_Work request_.
Produce the lines from the one containing "苹果iPhone6Plus(16GB)整体外观第7张" through the end of the material exactly as they appear, both ends included, and leave the pictures out.

_Dataset content_.
::::::::::
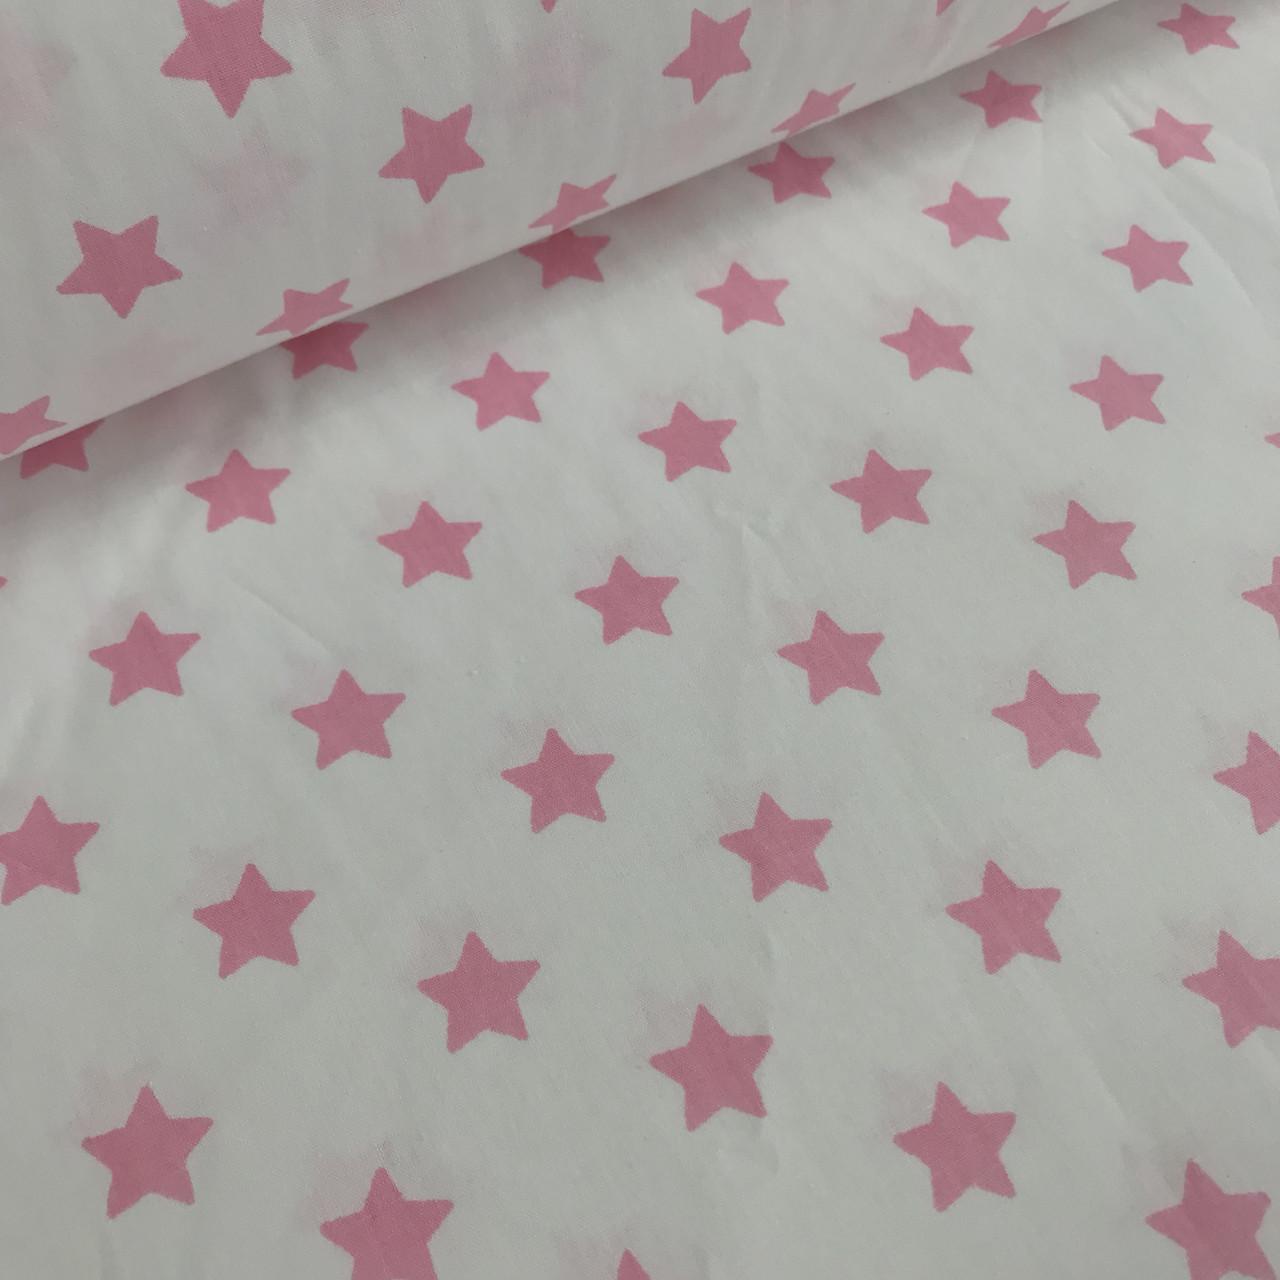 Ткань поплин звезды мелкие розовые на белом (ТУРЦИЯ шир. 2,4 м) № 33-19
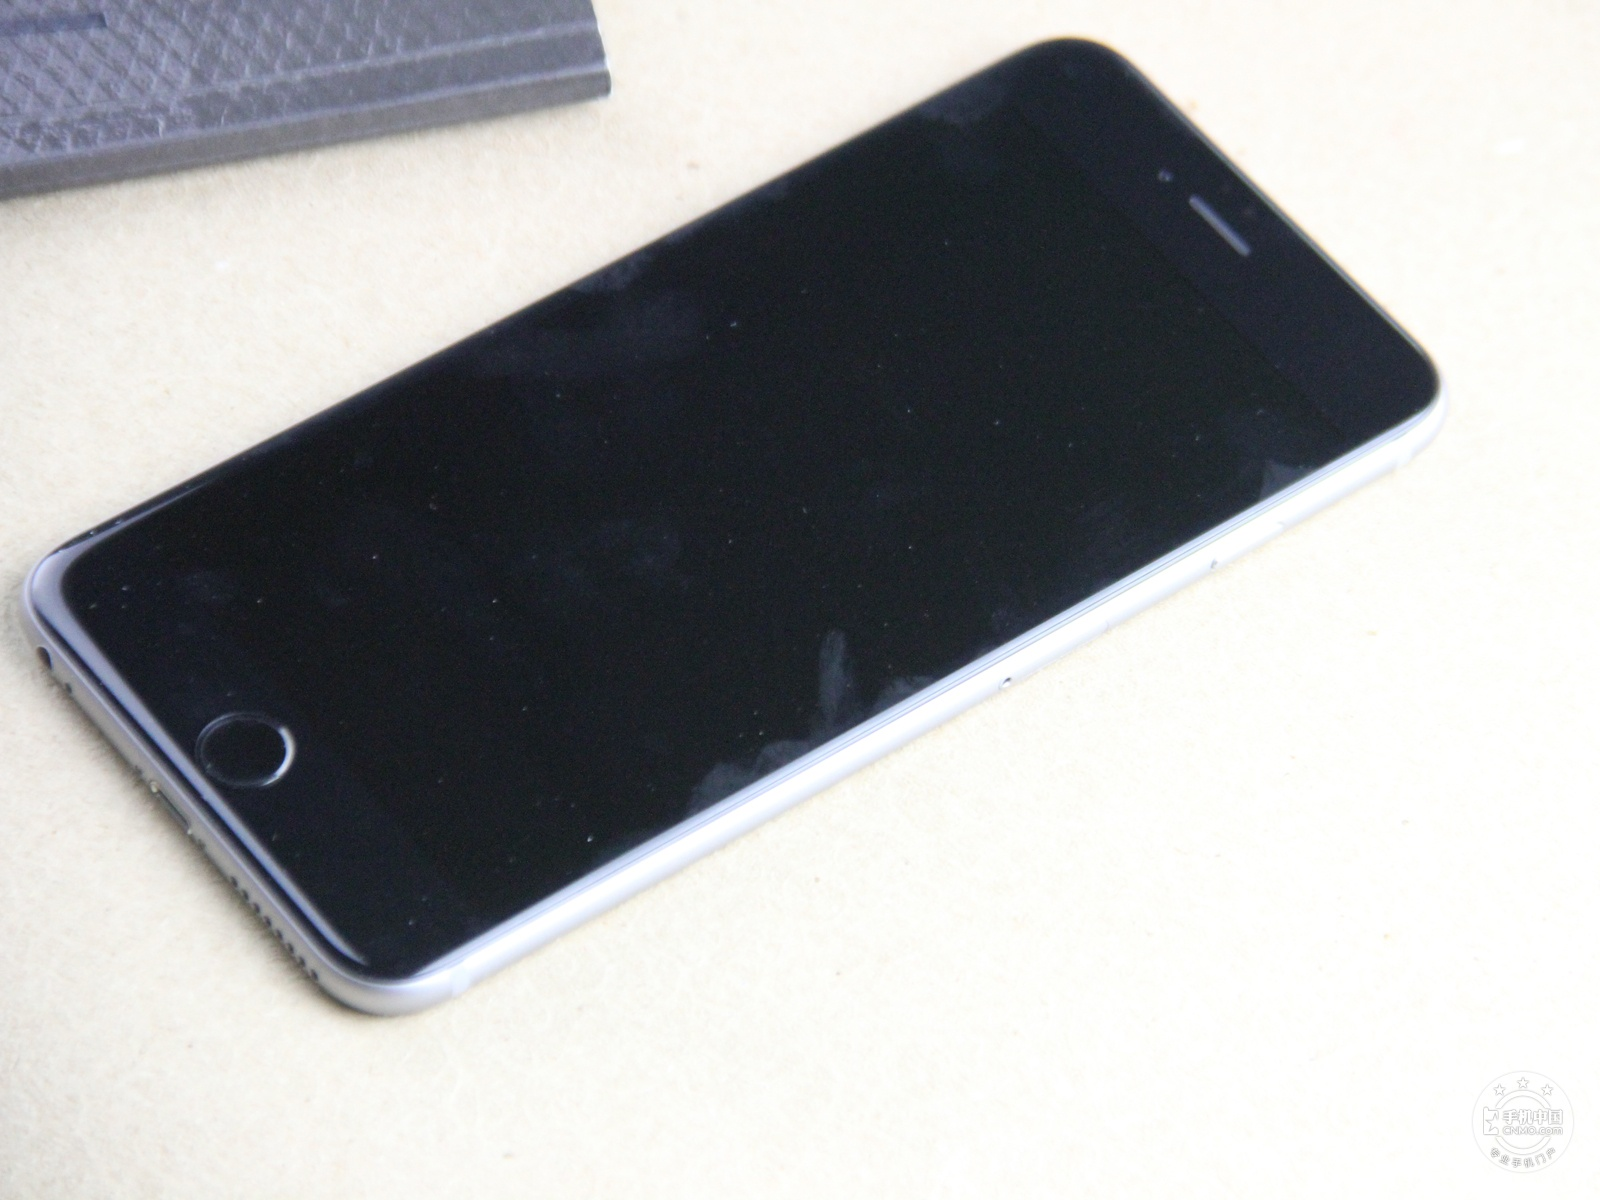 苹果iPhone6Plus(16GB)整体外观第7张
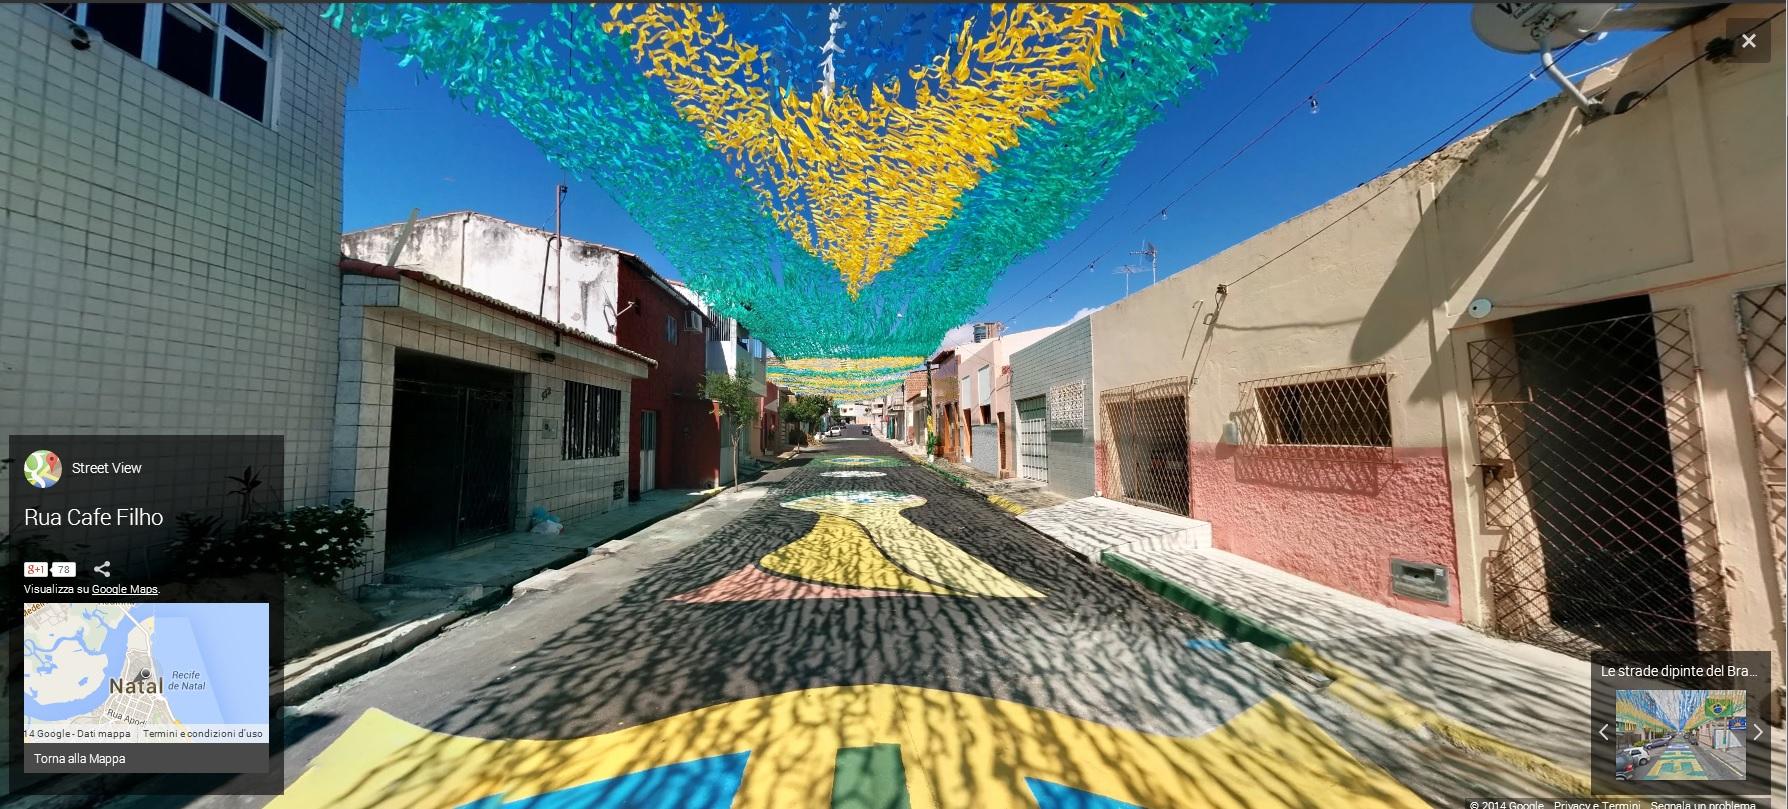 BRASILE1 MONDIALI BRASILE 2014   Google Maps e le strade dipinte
::::::::::
_Exercise output_.
 苹果iPhone6Plus(16GB)整体外观第7张
 BRASILE1 MONDIALI BRASILE 2014   Google Maps e le strade dipinte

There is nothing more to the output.